Aunt Viola ignored me. “I suppose I have to feed you something,” she said all martyr-like. “I have hot dogs.” She paused. “And sherbet. I have some orange sherbet.”
“Whatever.” I was too busy looking around to think about food.
“I’ll have more variety day after tomorrow. That’s when the delivery boy leaves my groceries on the front step,” she said. “I don’t go out, and I don’t let people in, so hot dogs’ll have to do until then.”
As she waddled down a narrow canyon that’d been cleared through the mountains of debris, her mammoth hips bumped into a wooden sled propped precariously
against a rusted bedspring. The sled fell, knocking into a tower of twine-tied shoe boxes, which brought down an avalanche of soda cans, board games, paperback books and a bowling ball.
“This house is a friggin’ booby trap!” I shouted, covering my head and plowing through the junk.
Aunt Viola didn’t even flinch.
“Why don’t you throw some of this junk out?”
She snorted. “You young people nowadays think everything’s disposable.”
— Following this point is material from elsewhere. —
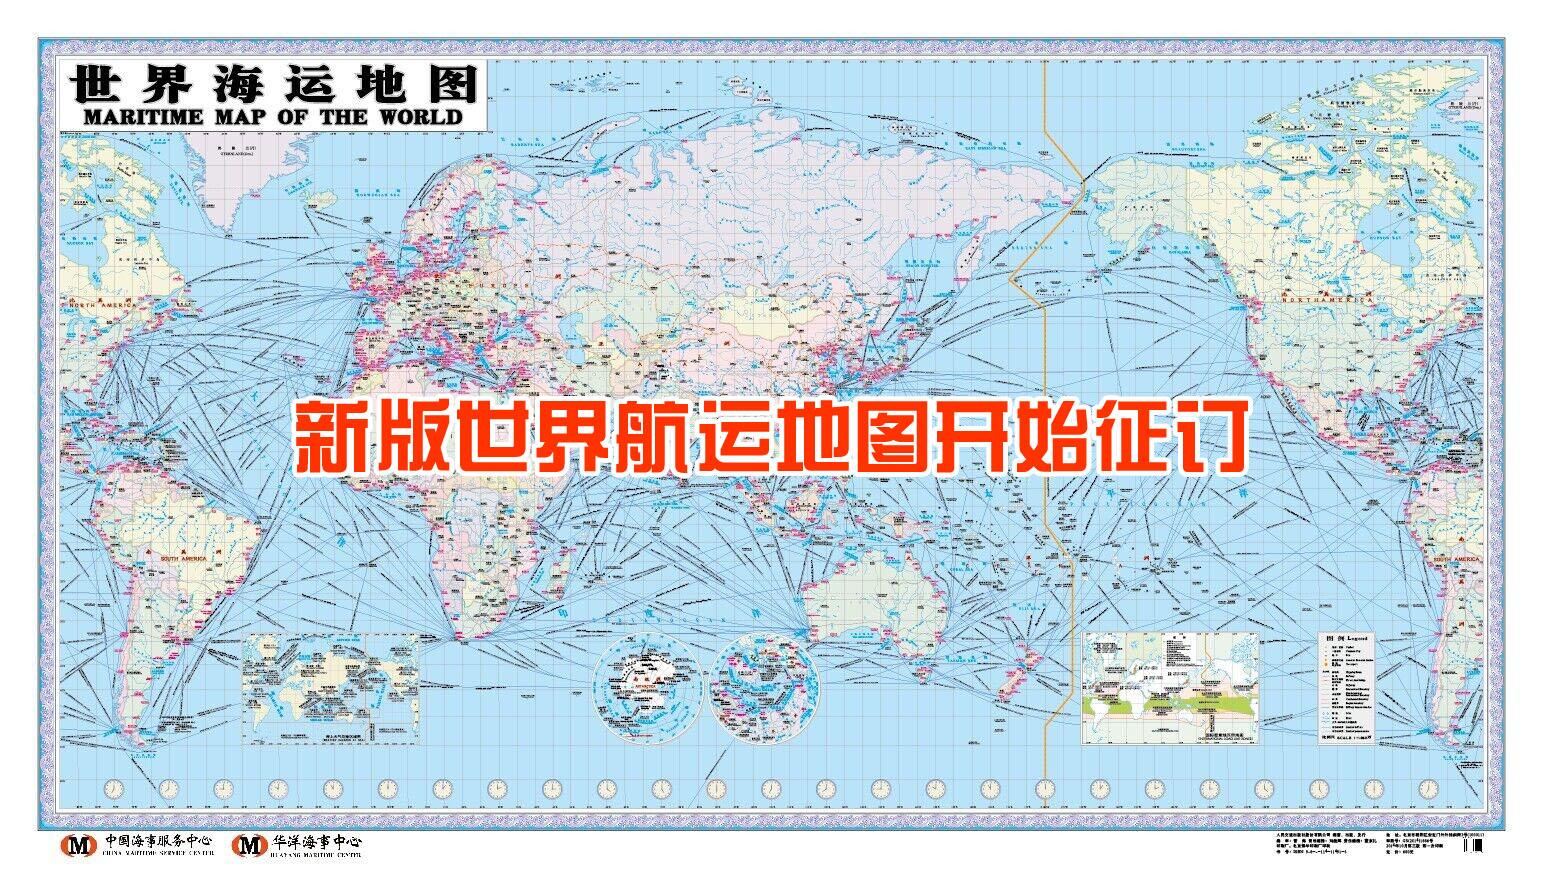 新版世界航运地图开始征订
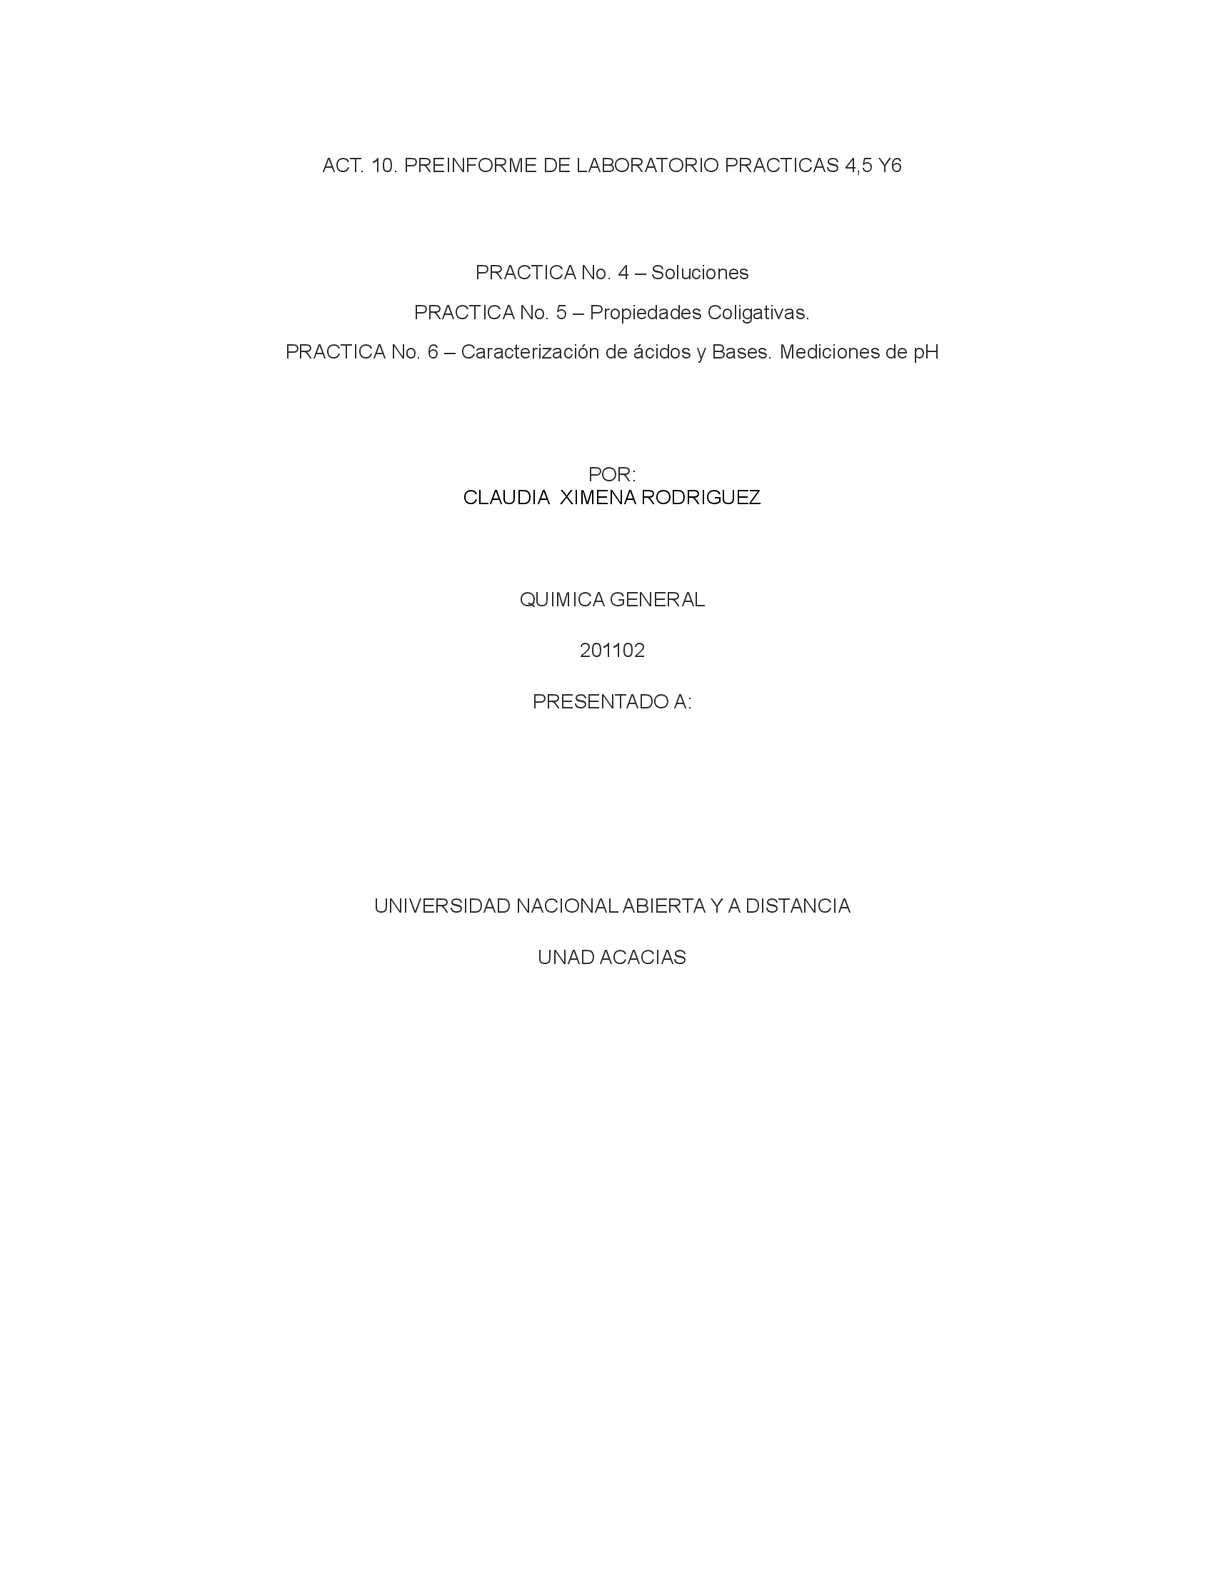 trabajo colaborativo química preinf.4-5-6

I noticed a laundry basket full of, like, a hundred used margarine tubs. “Some things
are
disposable.”
Aunt Viola just kept waddling.
I followed along behind her, being real careful not to bump into anything. The deeper we went into the house, the stronger that dirty scalp stink got. It reminded me of something dark, something I couldn’t quite put my finger on.
We reached the kitchen. Every surface was piled high, and every one of the cabinet doors hung open, their insides a ceramic jigsaw puzzle of mugs and bowls and plates and platters. And all of a sudden I got this itch to play Ker Plunk. You know that game? It’s the one where you try to pull out a stick without letting all the marbles tumble. Except in this case, I wanted to see if I could slip out a saucer without causing a clattering tidal wave of china.
Aunt Viola took a cleared pathway to the refrigerator, and I winced even before I saw inside. If the sink
and countertops looked like this, I could only imagine what science experiments were growing in there—loaves of once-white bread fuzzy with blue mold; black slime floating on the surface of an open can of fruit cocktail.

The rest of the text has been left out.